AMM.: Sardina is the land of the ancient masks, Mammuthones with an antropologic (and theatrical) value. Could you define videomapping a sort of modern mask  having something to do with mutability, metamorphosis in that arcais sense?

KONIC thtr: I agree with you. The tower is understood as a skin, a fragile membrane that separates and unites life and death. And the mask do fulfill very well this role of an element that can achieve the mutability, transformation and metamorphosis. The mask, the other side, the other identity or representation, has been used since the Paleolithic by most human groups across time. The mask disguises, hides and / or reveals the identity of who wears it. We have worked with the personification of the tower, the building, humanizing it by giving it a human shape. It is body and it is also character. It becomes the main, mutable character of the audiovisual show which is being staged. The tower, the building itself, becomes the bearer of the mask. The rationale behind a mask is that it will be inhabited by spirits or by others, that is, the identity in the user of that mask will change. When in use, there is a loss of their previous personality as the new one is acquired. When the magic or religious ceremony becomes theater, the mask allows the actor to go beyond their humanity and become a mythical character, leaving aside completely his/her own personality. A key role in the mask is to give a sense of continuity, of unity between the present and the beginning of time.

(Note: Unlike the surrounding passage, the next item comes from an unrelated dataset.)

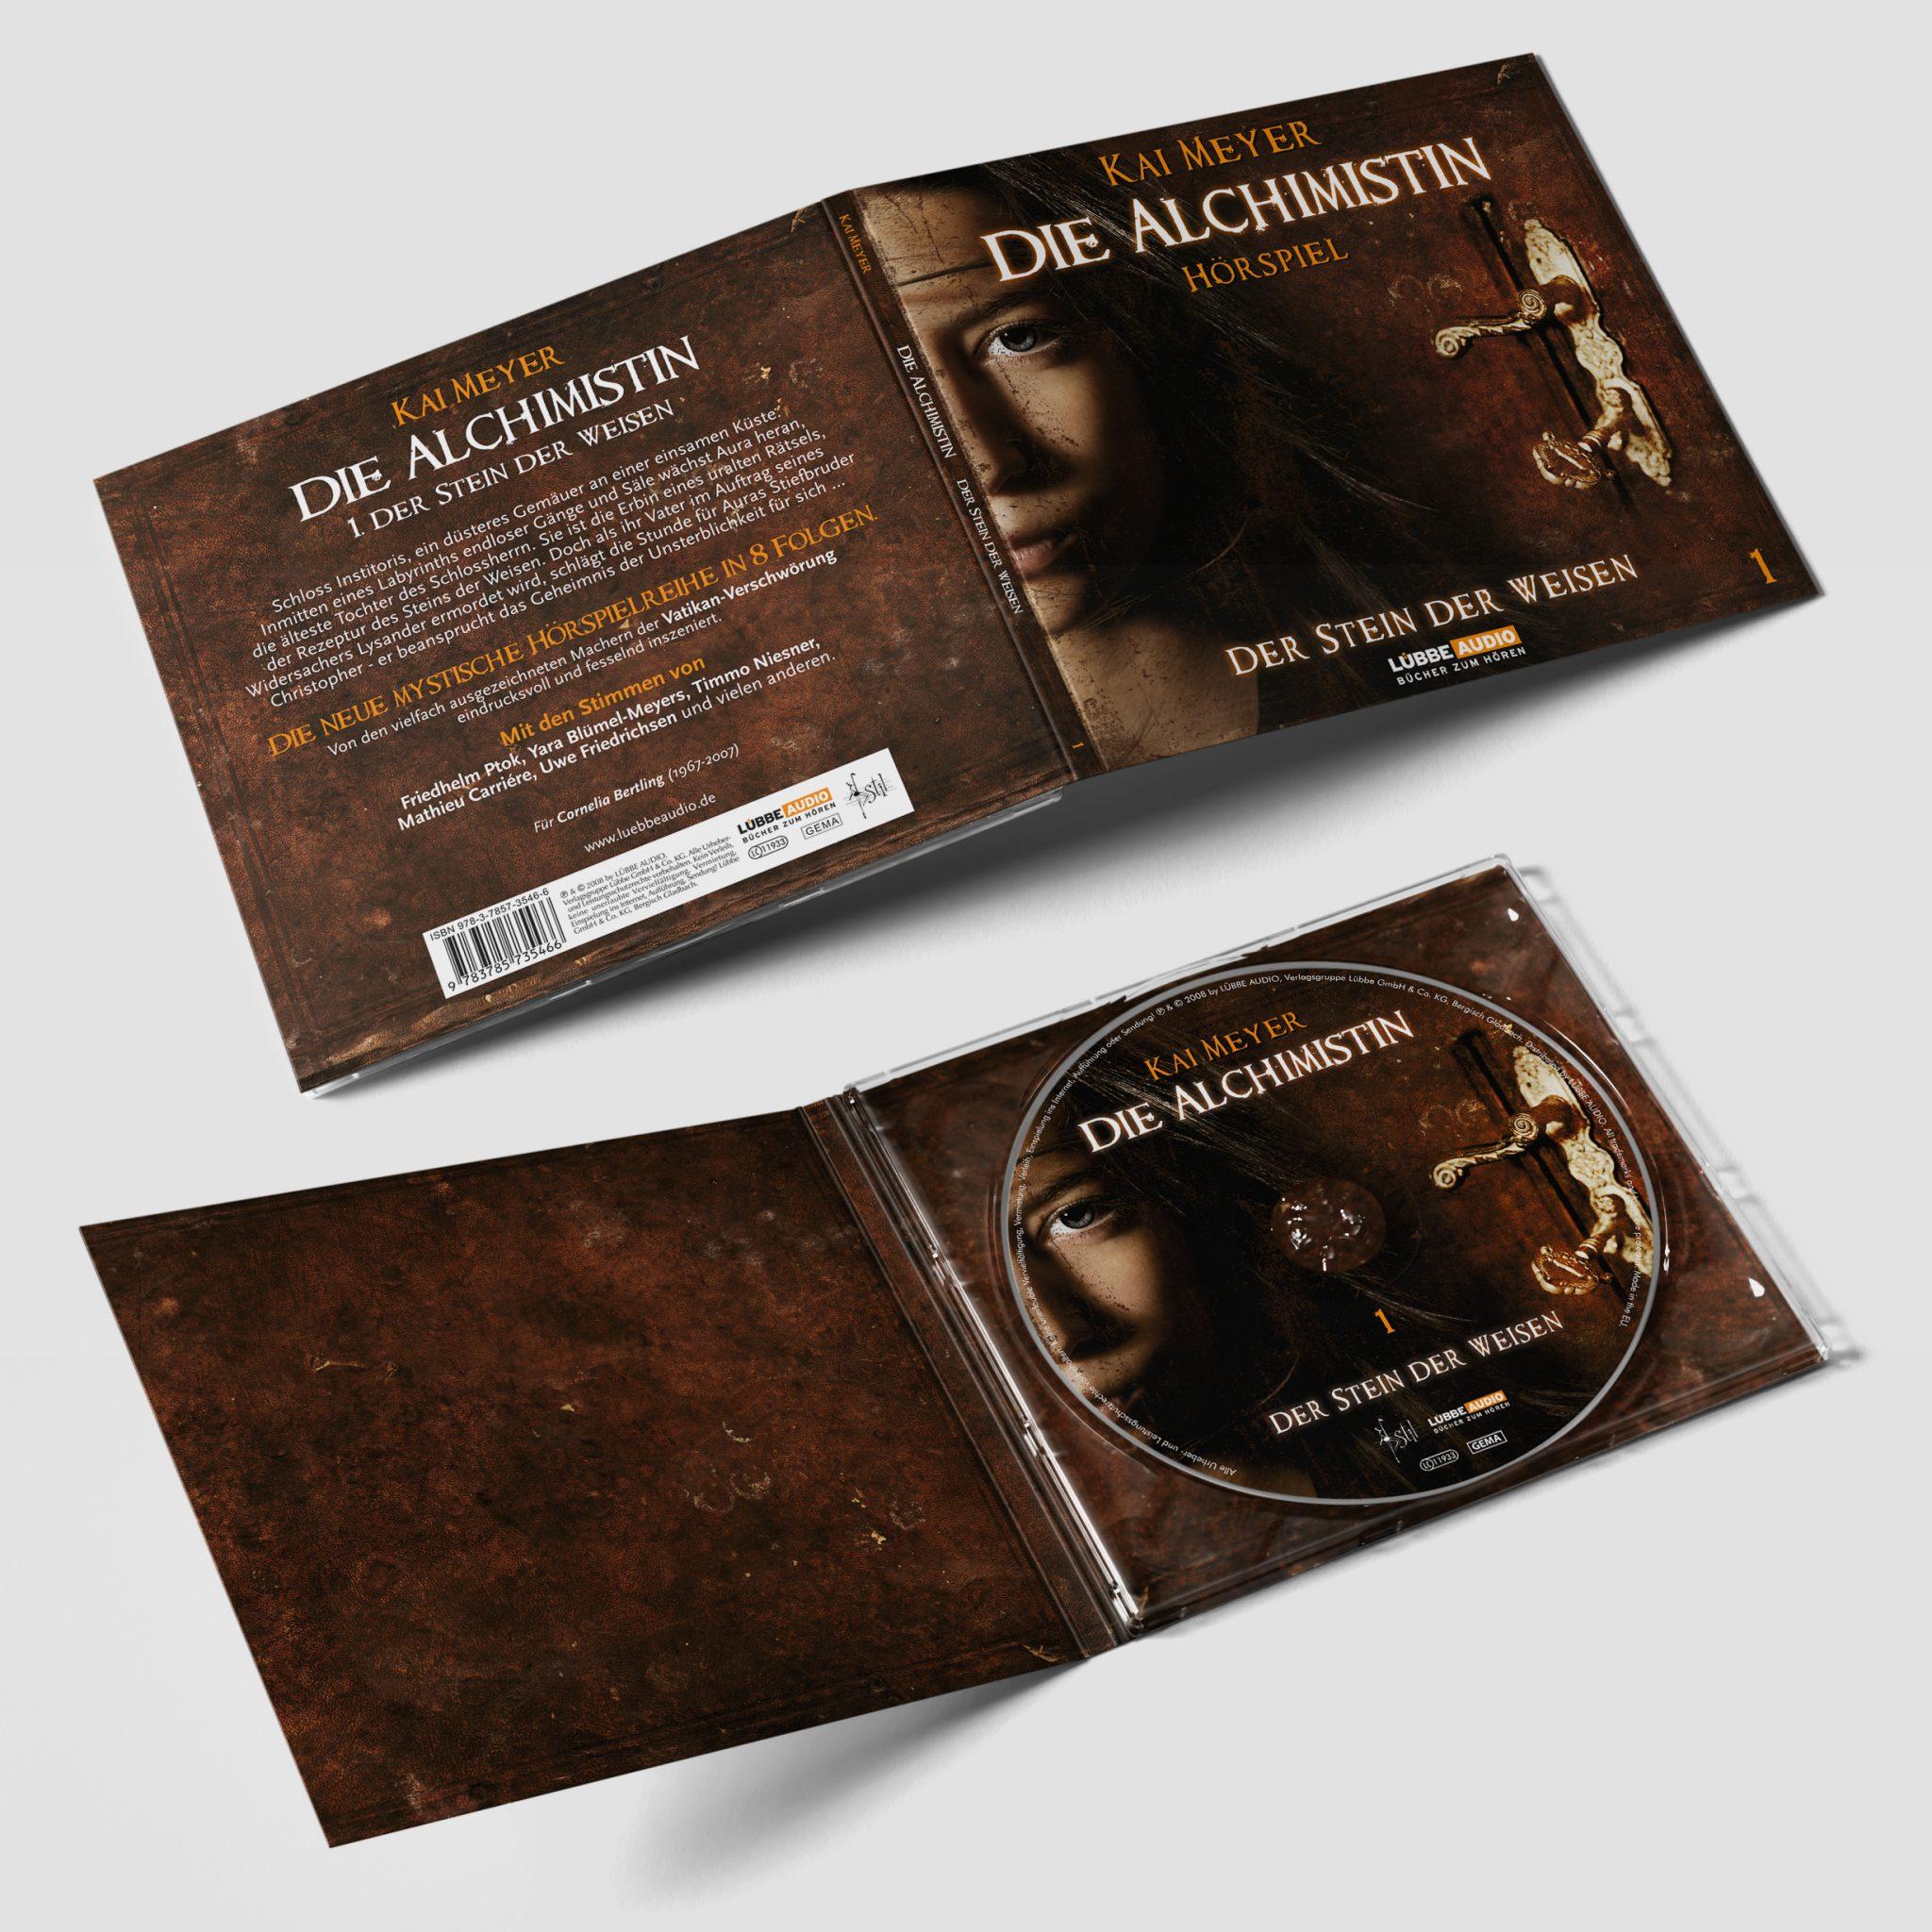 die alchimistin_luebbe-1

Videomapping allows us to make these qualitative transformations through image and sound, almost instantly, offering cultural references that the audience can identify. In this sense, the videomapping event takes a role of mediation comparable to the role of the mask in theater and in the rituals, a mediation that is done for, and with, the audience.

AMM.: Your videomappings have always an iconographic force and great visual impact; do you think that the media narration in videmapping has a restrictive format, rules, grammatic to which one needs to obey?

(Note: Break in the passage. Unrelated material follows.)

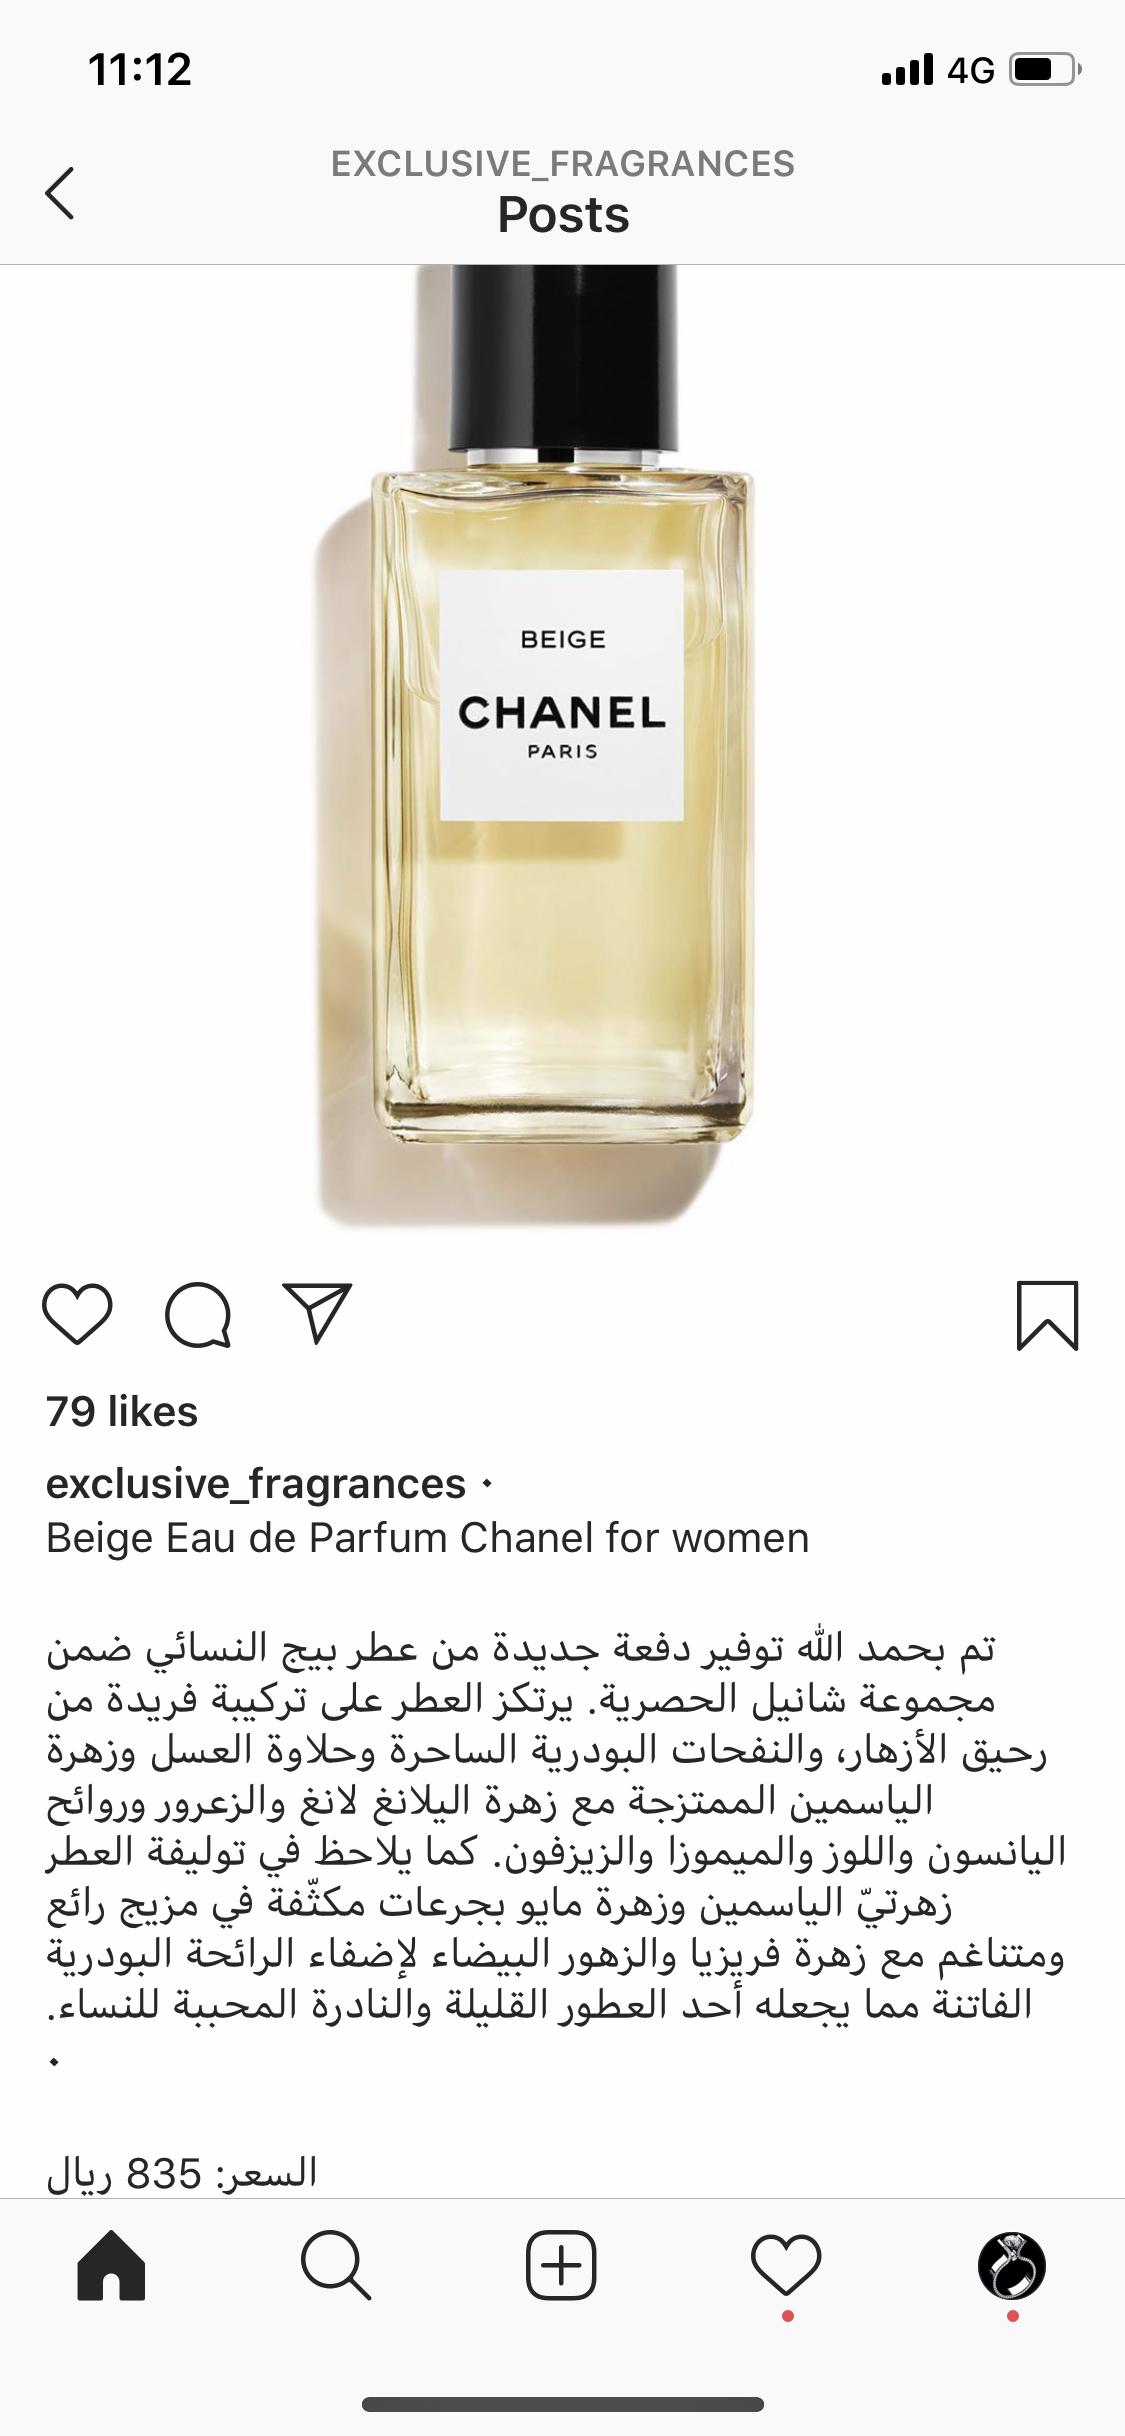 Pin By Samar Anan On عطور فرنسية Chanel Perfume Eau De Parfum Exclusive Fragrance

KONIC thtr: Yes, you could say that it has a restrictive format, partly due to the aesthetic criteria of those leading this expressions and artistic interventions. There are certain trends that show videomapping as what I could define behavioral or linear, understanding architectural videomapping as a display of effects produced with and upon the image and structure of the facade. This criteria, based on mimicry, from my point of view has a restrictive approach and library of available effects, and tends to deplete the poetic of the interventions by playing with an aesthetic model based on visual effects and sound that the public recognizes and is waiting for. From my point of view, and this is how I apply it, the architectural mapping has to understand the building onto which it intervenes, not only as a facade around the building but also as the context into which it is located, its history; bearing in mind that we are working with heritage buildings or sites. And what do videomappings provide to these iconic buildings with a great symbolic meaning for the citizens of that city, who know them and consider them as something relevant to their culture?What can we bring with a visual intervention on their surfaces? There is still much work to do, luckily, still a lot to be explored and understood, and the rapid evolution of the technologies involved can also to help us find new solutions and criteria for the artistic intervention in public spaces.

 AMM.: Which are your next digital works?

KONIC thtr: We are currently working on a small scale stage project called Hypernatural in which  we use micromappings on stage to bring the set to life. Hypernatural is a site specific creation for dance, music and moving image. A show that explores our relationship with what we understand as nature through our links with color, light and objects. The interactive mapped images, the light and the sounds will be the support with which we will narrate our relationship between ourself, architecture and landscapes.